Given information START

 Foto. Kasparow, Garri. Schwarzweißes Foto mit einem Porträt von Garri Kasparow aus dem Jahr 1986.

Given information END
Given information START

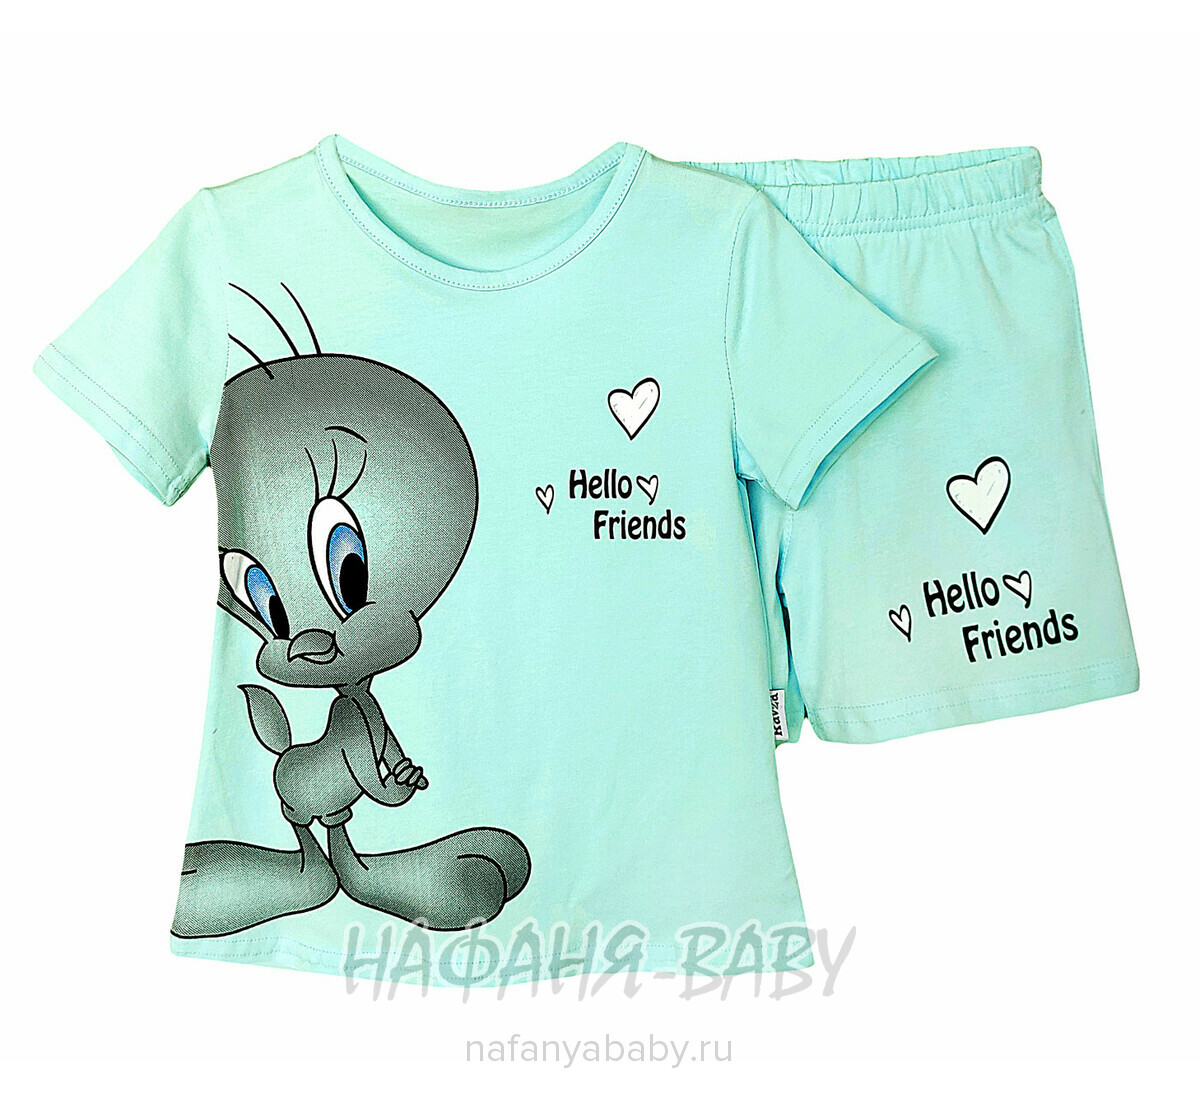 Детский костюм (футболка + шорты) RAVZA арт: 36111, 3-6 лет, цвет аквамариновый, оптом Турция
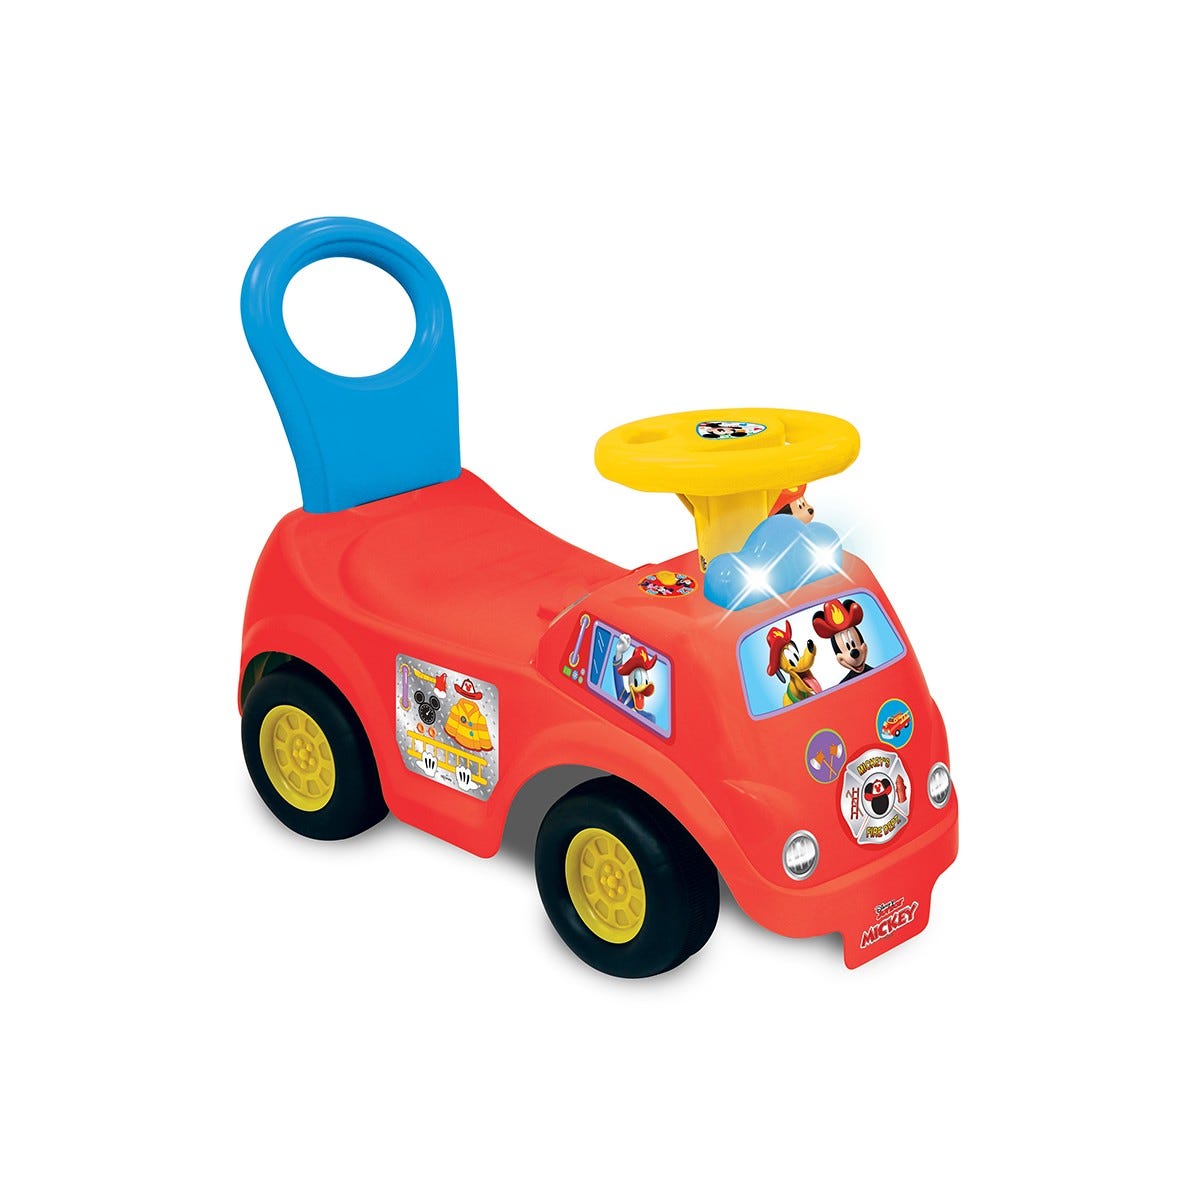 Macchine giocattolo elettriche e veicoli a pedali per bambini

Given information END

Beginning with the line above that has "Детский костюм (футболка" and going on through the line that has "Macchine giocattolo elettriche", retype every line exactly and add nothing else; drop the pictures.

### Result below
 Детский костюм (футболка + шорты) RAVZA арт: 36111, 3-6 лет, цвет аквамариновый, оптом Турция
 Macchine giocattolo elettriche e veicoli a pedali per bambini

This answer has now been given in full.